Дариньке показалось, что промчался на сером кучер в шапке подушечкой, в галунах, с кем-то в бобрах и золоте, остро мелькнуло — о н?!.. — и она сразу растерялась. Увидала в мигнувшем зеркале, какая она стала, и совсем уже потерялась. В передней слышался мягкий звон и громыхающее бряцание. Слыша, как тукается сердце, и чуть дыша, видела она в зеркало, как он сбросил движением плеч на обомлевшую девочку, накрыв ее с головой, свою размашистую шинель с бобрами и стремительно направлялся к ней, блестящий, звонкий, неописуемый. Ока непонятно онемела, растерянно на него глядела, исподлобья, ие сознавая, как в наваждении. Но он мигом сорвал оцепенение, быстро поцеловал ей руку, и четко щелкнув, и позвонив. Спросил о Викторе, о здоровье, почему она так бледна, порадовался елке, развел и всплеснул руками, на стол с закусками: «Фу-ты, какая роскошь!» Заявил весело, что голоден чертовски, и попросил разрешения выпить за ее драгоценное здоровье. Даринька обошлась и оживилась, чокнулась даже с ним и даже чуть-чуть пригубила, Вагаев был сегодня блестящ необычайно: в белом ментике в рукава, опушенном бобровой оторочкой, весь снежно-золотистый, яркий, пушистый, гибкий, обворожительный. Его настойчивые черные глаза, похожие на вишни, любовались ею откровенно, и Даринька это понимала. Лицо Вагаева было располагающее, открытое, ничего «страшно-грешного» не чувствовалось в глазах, добродушно усмешливых, блестящих, мягких, вдруг обливавших лаской: было скуласто даже, без всякой писаной красоты, но могло чем-то нравиться, — усмешкой красивых губ, вырезом подбородка или той бойкой чернявостью, от ресниц и глаз, от чего-то неуловимого в их взгляде, от смуглого румянца, что осталось в глазах у Дариньки со встречи у бульвара, когда она вдруг подумала: «Черномазый».
Он красиво тянулся за бутылкой, гремел саблей по ножке стула, пил особенно как-то вкусно, по-особенному даже ставил рюмку, словно завинчивал, комкал цветком салфетку, откидывался к стулу, ногой подцепляя саблю или отшвыривая ее небрежно и продолжая рассказывать весело и умно и привычно занимая. С забавным ужасом говорил о завтрашнем «провале», об этом плуте Огарке, который — «чую, что подпалит», — о старике-крестном, генерал-губернаторе, — «как бы не подтянул… шпаками, фуксом с корнетом едем, под звездочками!» — который завтра уж обязательно прикатит: приз его имени, почетный, серебряная фамильная братина. И неожиданно спросил Дариньку, неужели она не будет завтра? — и в лице его отразился ужас. Даринька с удивлением сказала, что, напротив… они непременно будут… и она еще ни разу не видела, как бегают на бегах лошадки. Он весело воскликнул: «Браво!», поцеловал ей руку, и глаза его вдруг омрачились грустью. «Все это так… но, если вы не приедете… — все для меня погибло!» — сказал он упавшим голосом. Не подумав, она воскликнула: «Но почему?!» Он вскинул плечи и сказал затаенно-грустно: «Отгадайте». Она задумалась и спросила: «Это у вас, должно быть, какая-то примета?» — «Угадали», — таинственно сказал он и встал.

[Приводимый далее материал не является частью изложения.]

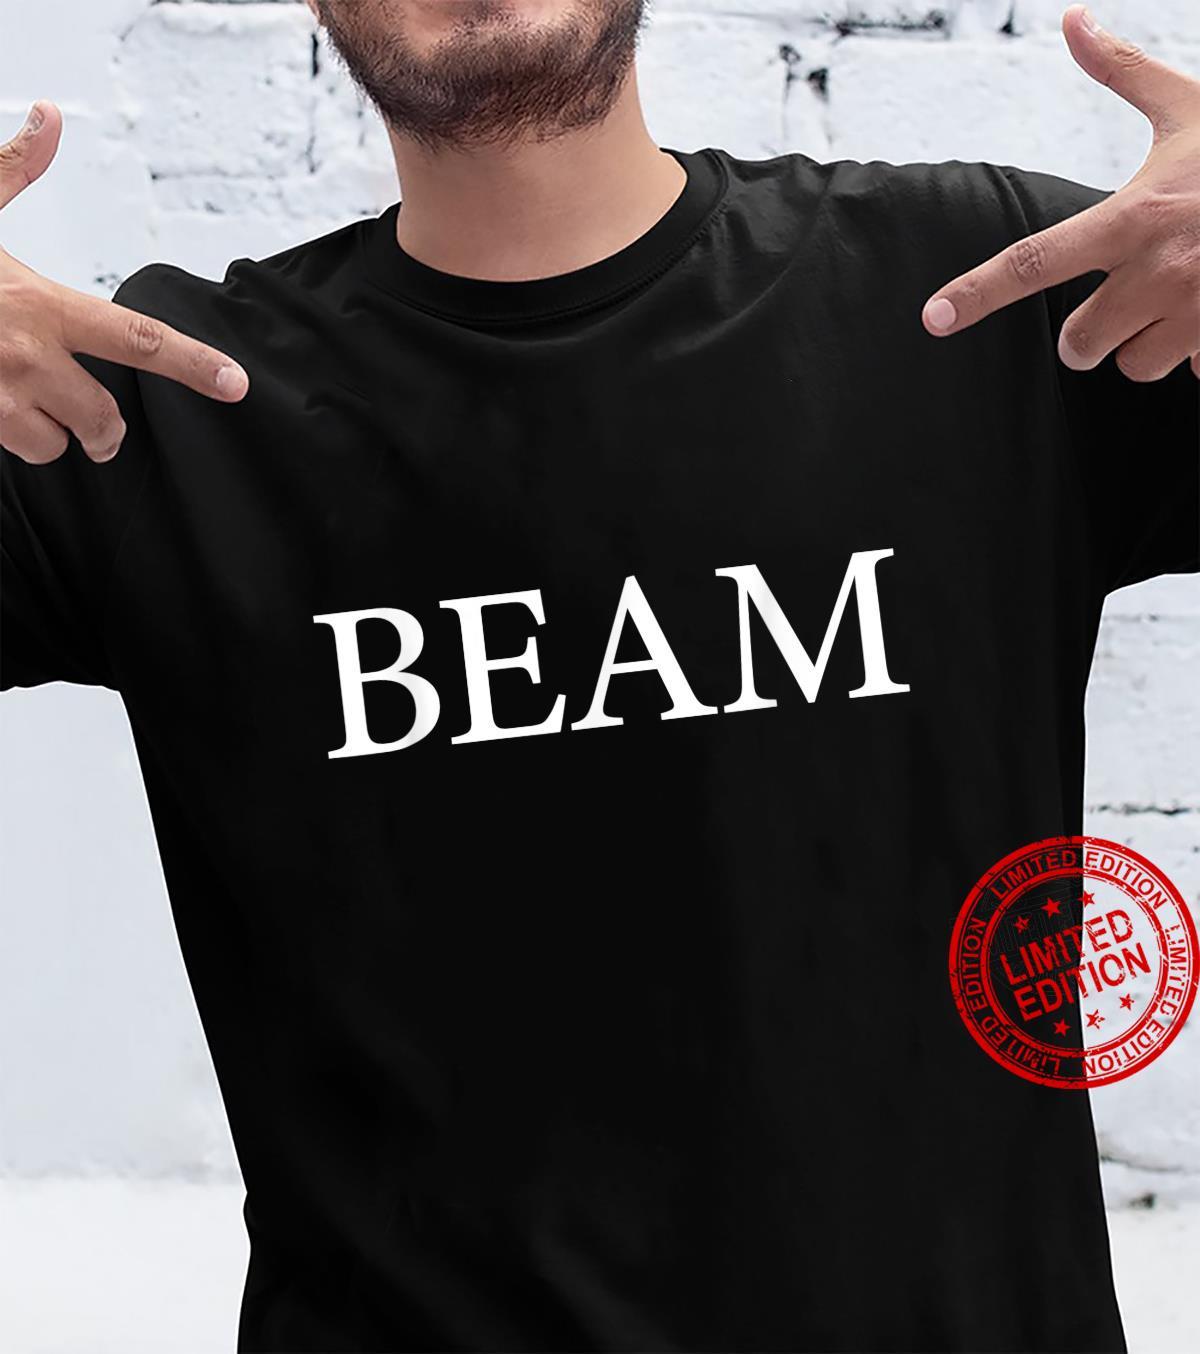 Beam Name Family Vintage Retro Shirt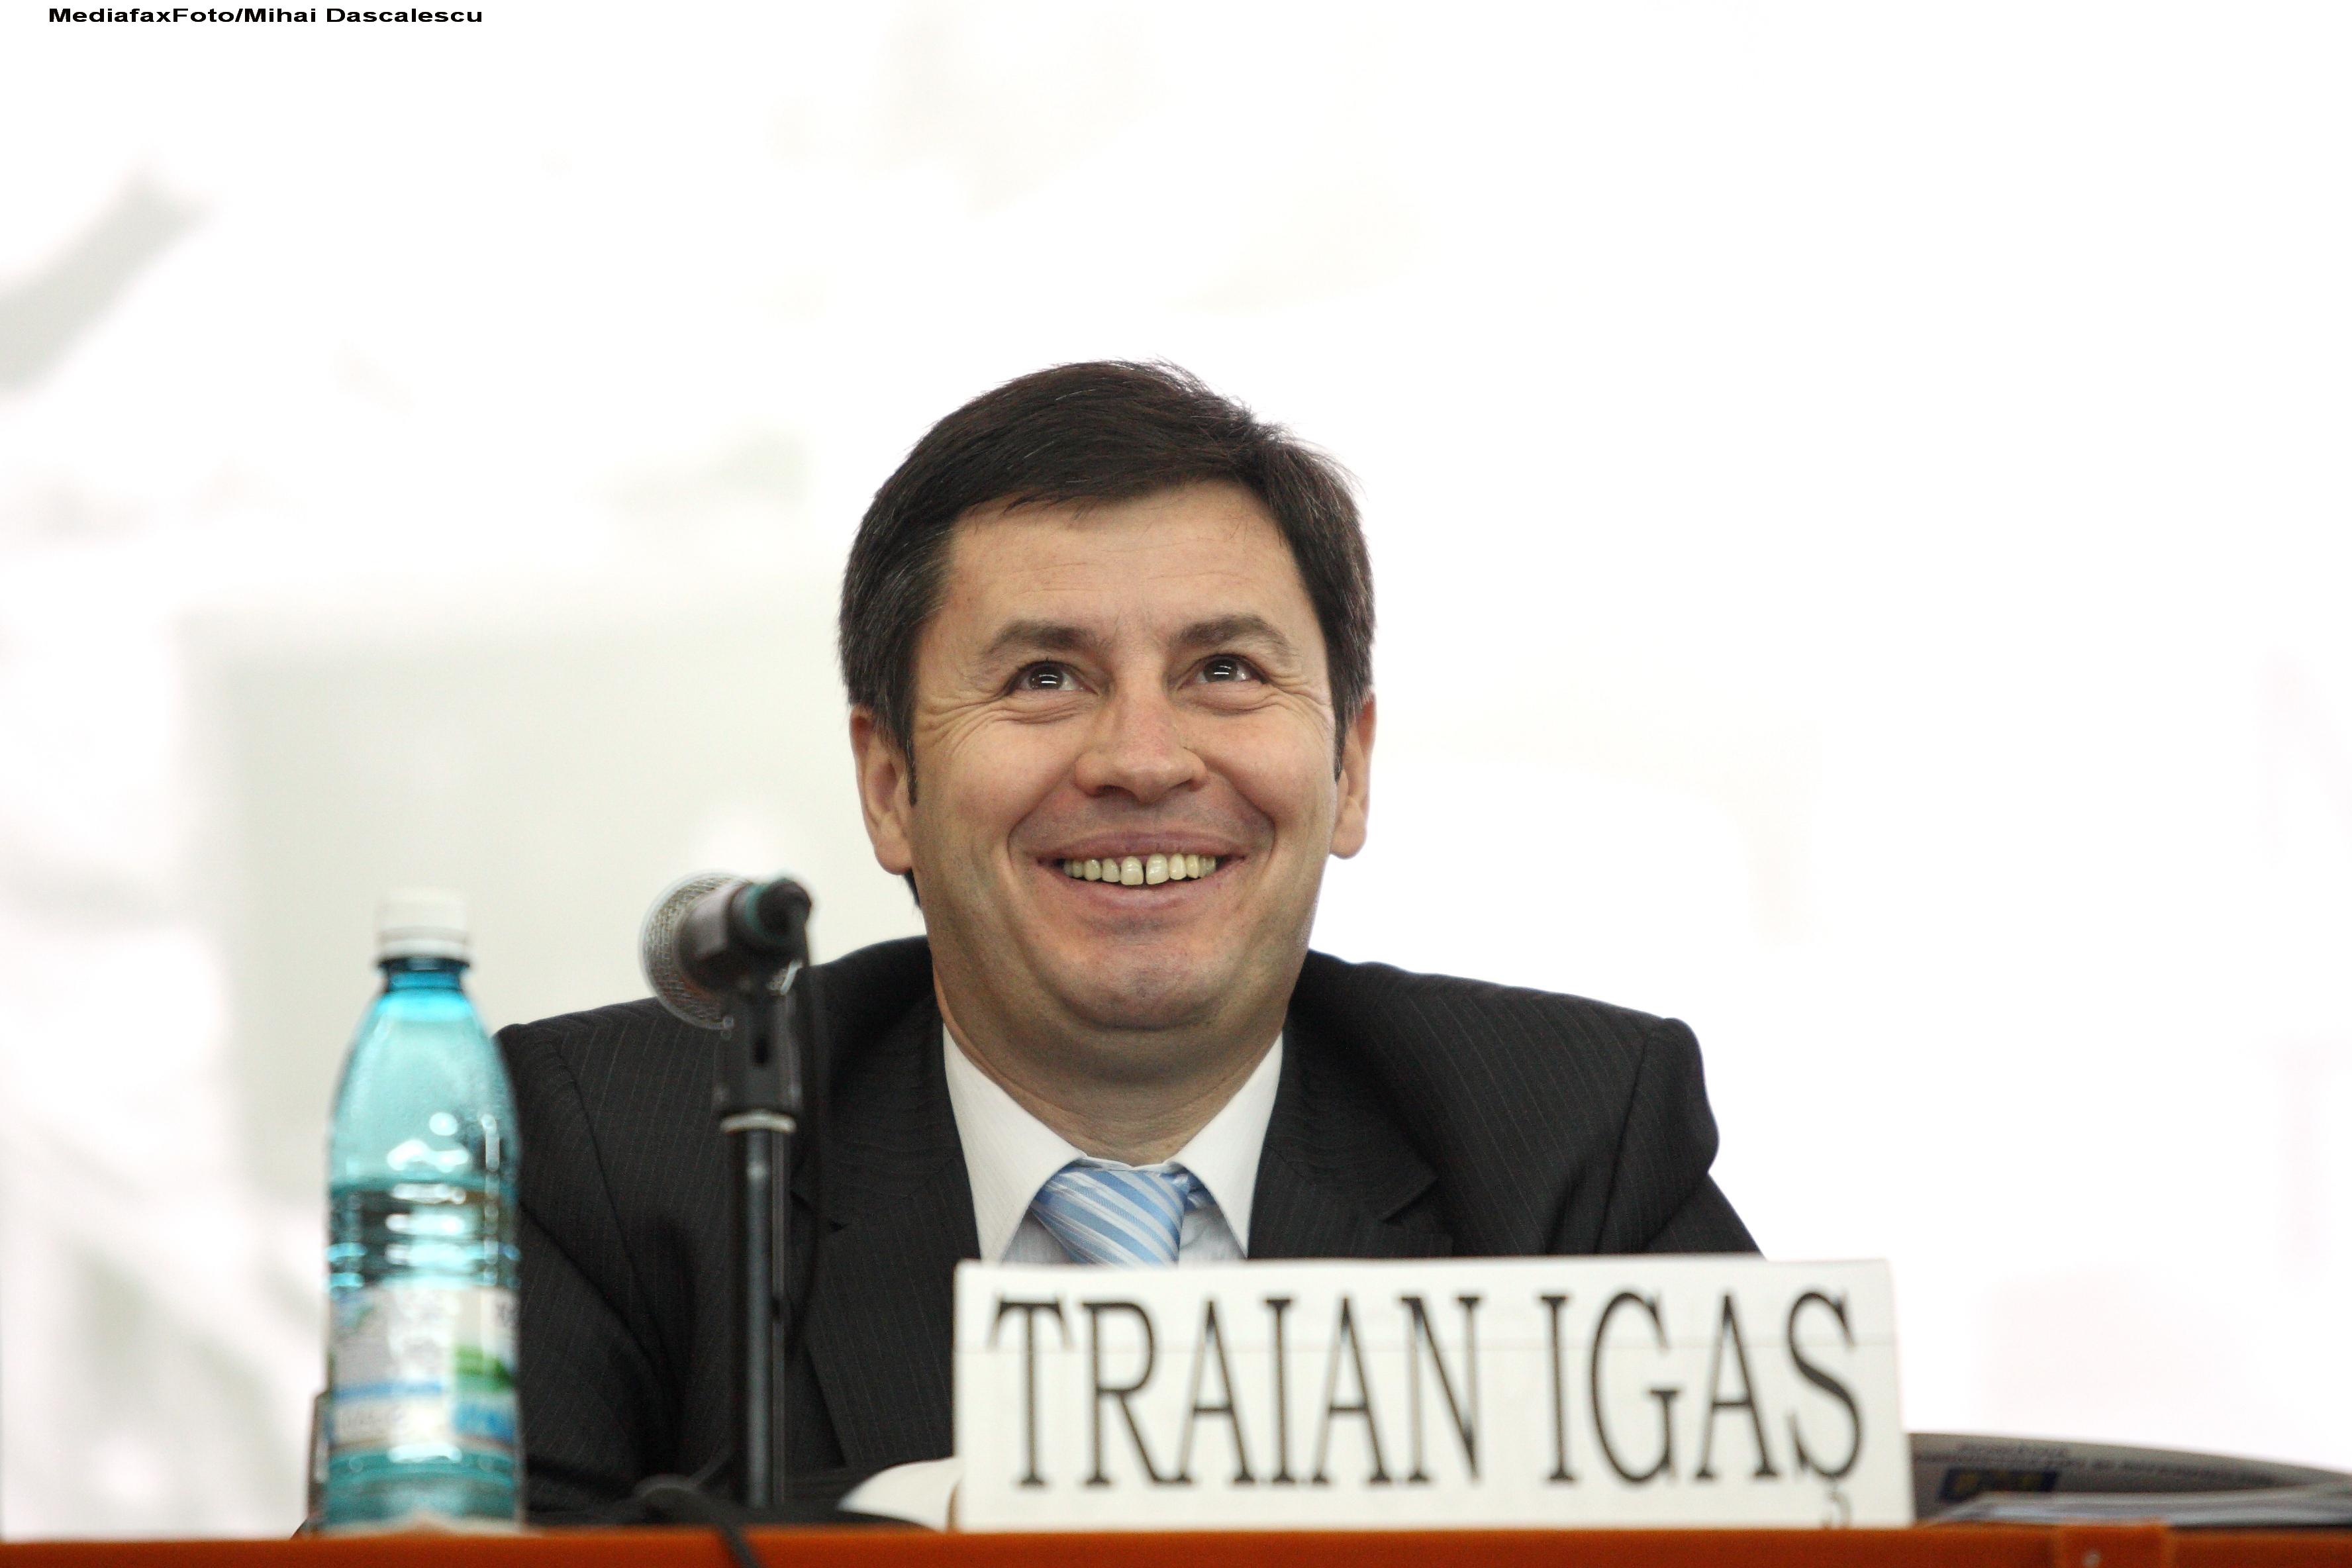 Traian Igas: Ponta nu stie articolele Constitutiei, in schimb stie sa jigneasca femeile din PDL

Она подумала, что он собирается прощаться, и вспомнила- она не раз думала об этом — надо ли поблагодарить его за цветы или это не принято. И, не раздумывая, сказала; «Какие вы славные цветы прислали, такая радость». Он глубоко склонился, раскинув руки. Она увидела обтянутые его ноги в золотых разводах, смутилась и подошла к цветам. Он молча за ней последовал. Наступило молчание, но он тотчас прервал его, воскликнул: «Весна… зимой!» — и, обнимая взглядом, сказал взволнованно: «Вы сегодня особенная… совсем весенняя». Она смутилась, но он быстро спугнул смущение, опять воскликнув: «Вот приятная неожиданность… однополчанин!» Даринька даже вздрогнула, а он, изогнувшись ловко и стукнув саблей, выхватил из-под елки стоявшего там гусарчика. «Это кому же… мне? — спросил он ее лукаво. — Но я предпочел бы эту»… — пошевелил он саблей куклу-боярышню. Даринька улыбнулась и сказала, что этот гусарчик Вите, а кукла Аничке, деткам Виктора Алексеевича, и опять вспомнила в тревоге, что все еще нет детей.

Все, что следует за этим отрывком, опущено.